### [Exercise requirements]
From the entries below, print exactly the span beginning with the line holding "Yonex Excel Pro replacement grip" and ending with the line holding "Mauritanie Taxe 1914", endpoints included, and skip any pictures.
[Material provided — start]
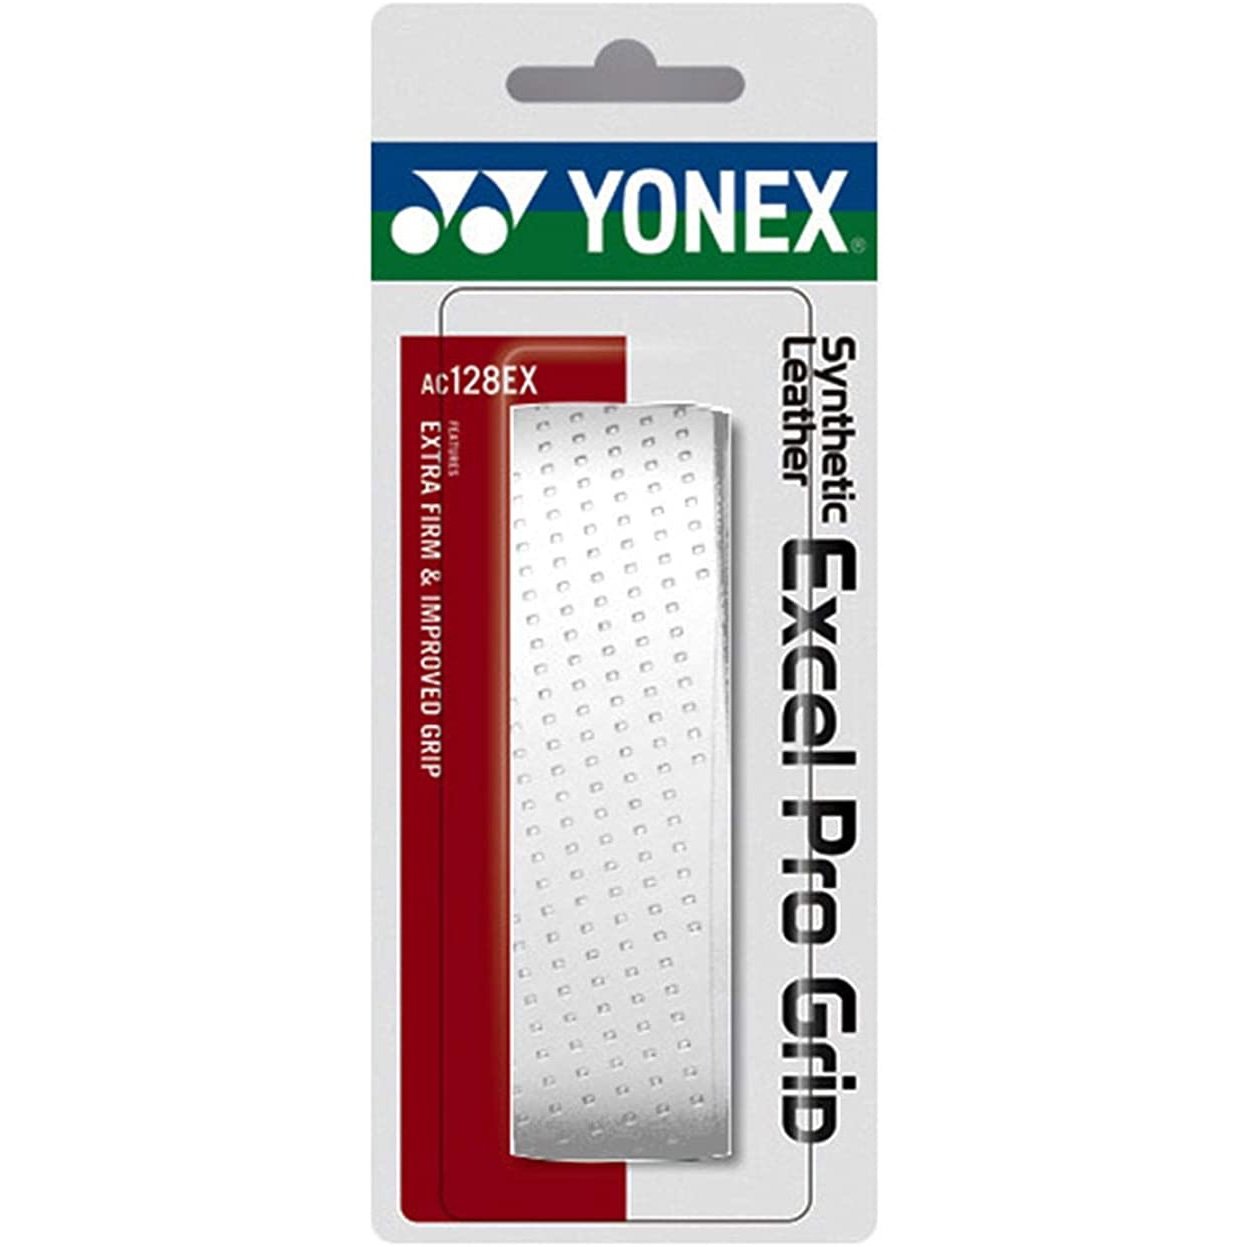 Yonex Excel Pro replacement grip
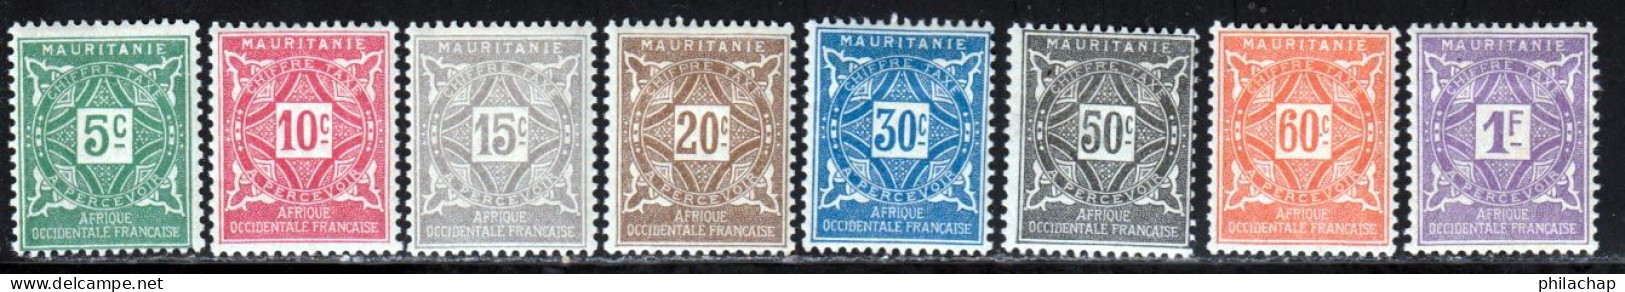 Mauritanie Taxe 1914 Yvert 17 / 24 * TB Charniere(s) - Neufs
[Material provided — finish]
[Material provided — start]
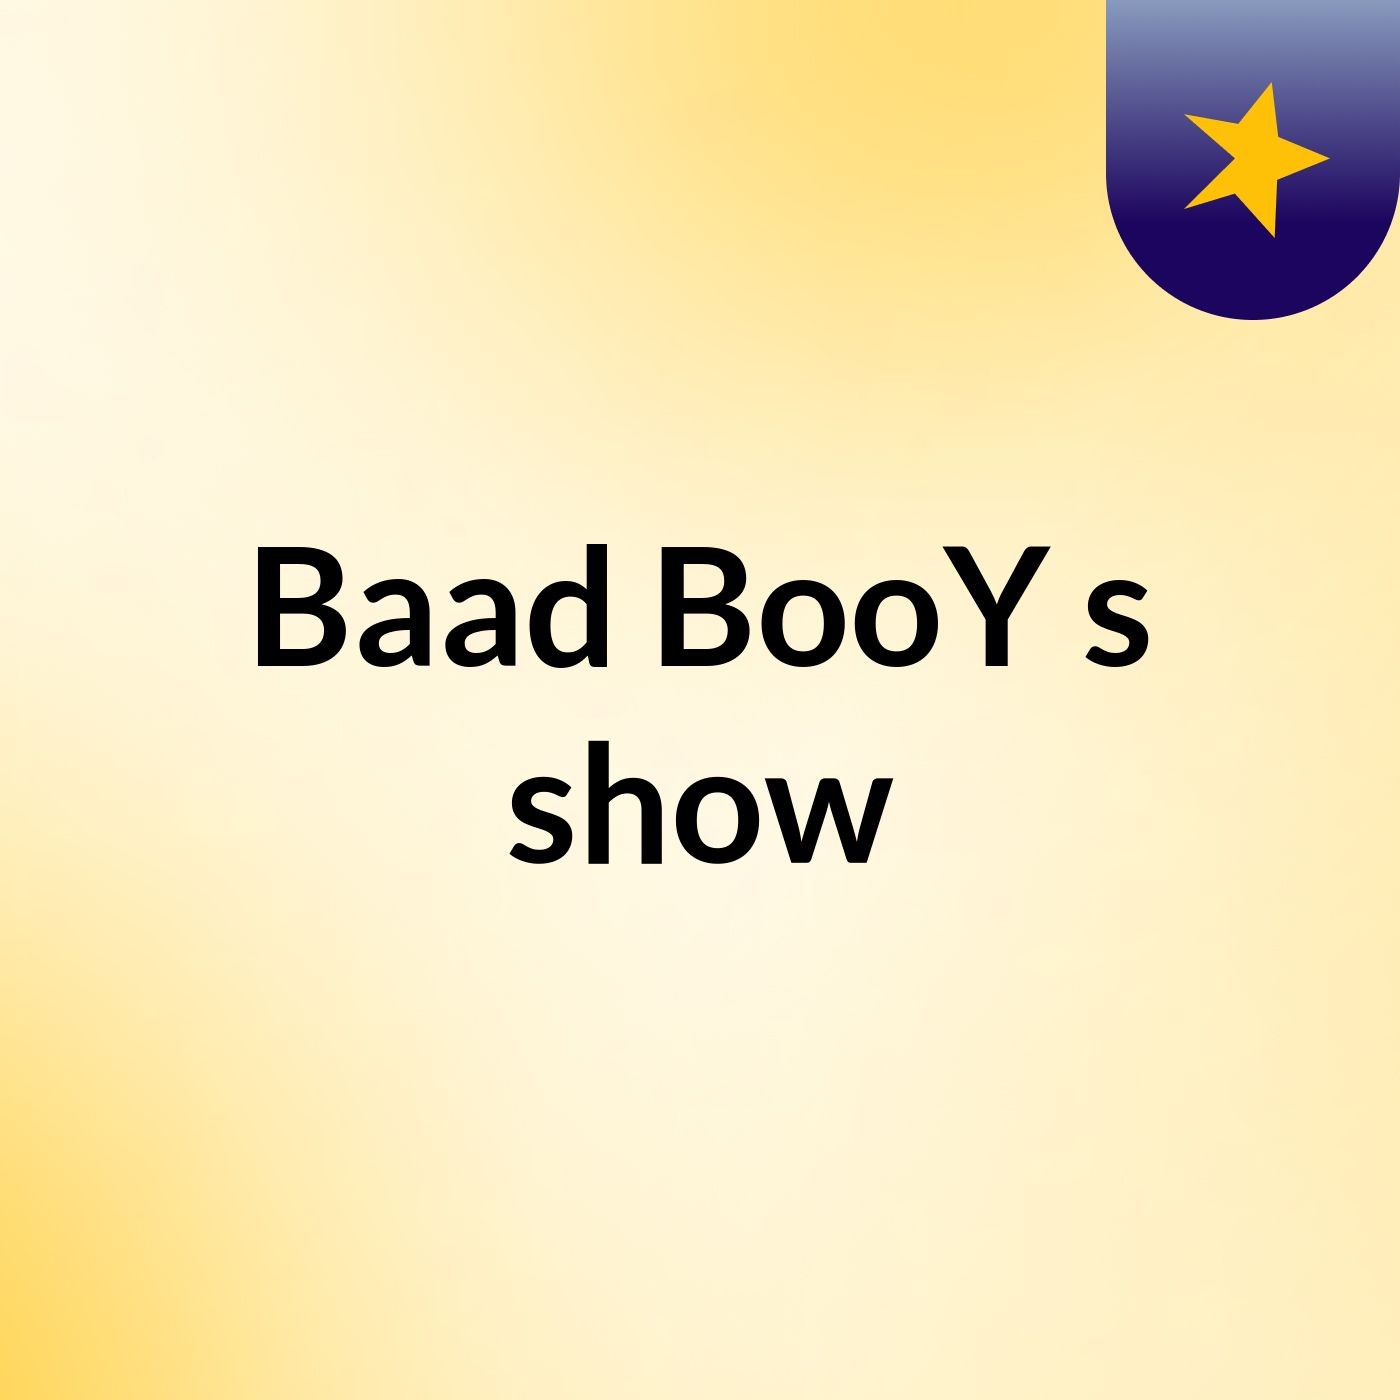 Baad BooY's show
[Material provided — finish]
[Material provided — start]
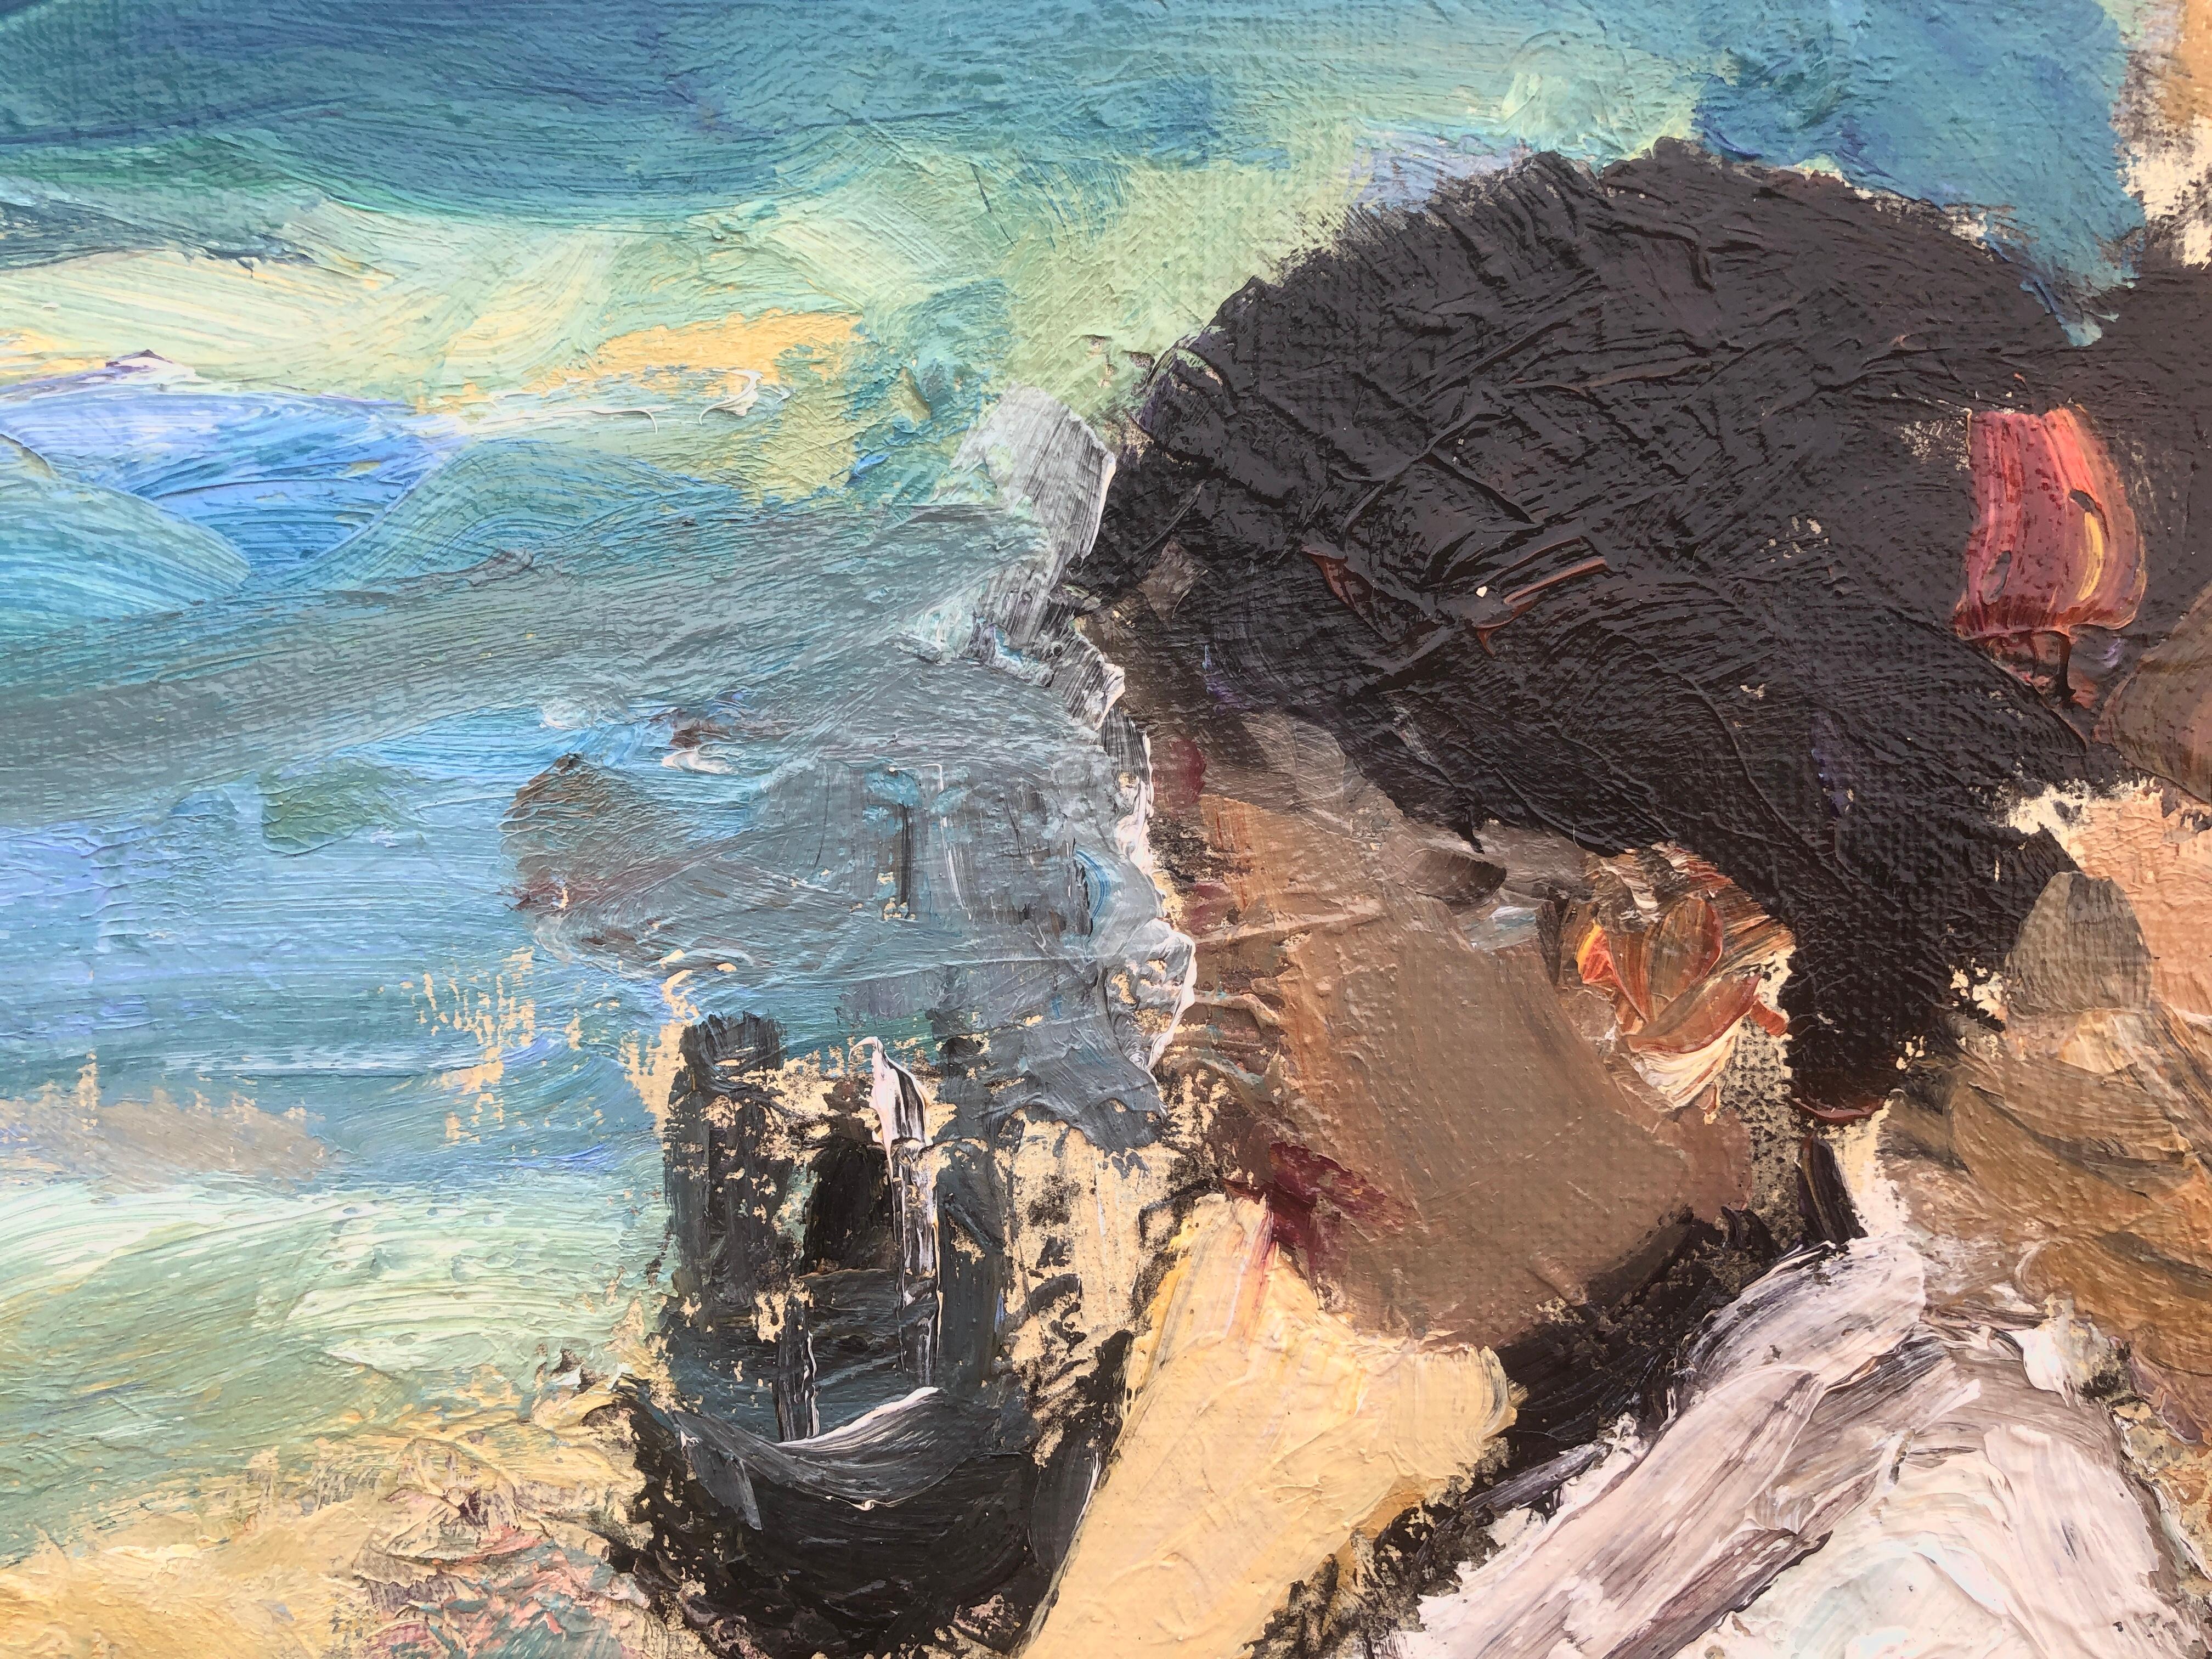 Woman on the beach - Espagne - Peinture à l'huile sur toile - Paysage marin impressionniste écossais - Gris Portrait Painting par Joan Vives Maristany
[Material provided — finish]
### [Answer to this task]
 Yonex Excel Pro replacement grip
 Mauritanie Taxe 1914 Yvert 17 / 24 * TB Charniere(s) - Neufs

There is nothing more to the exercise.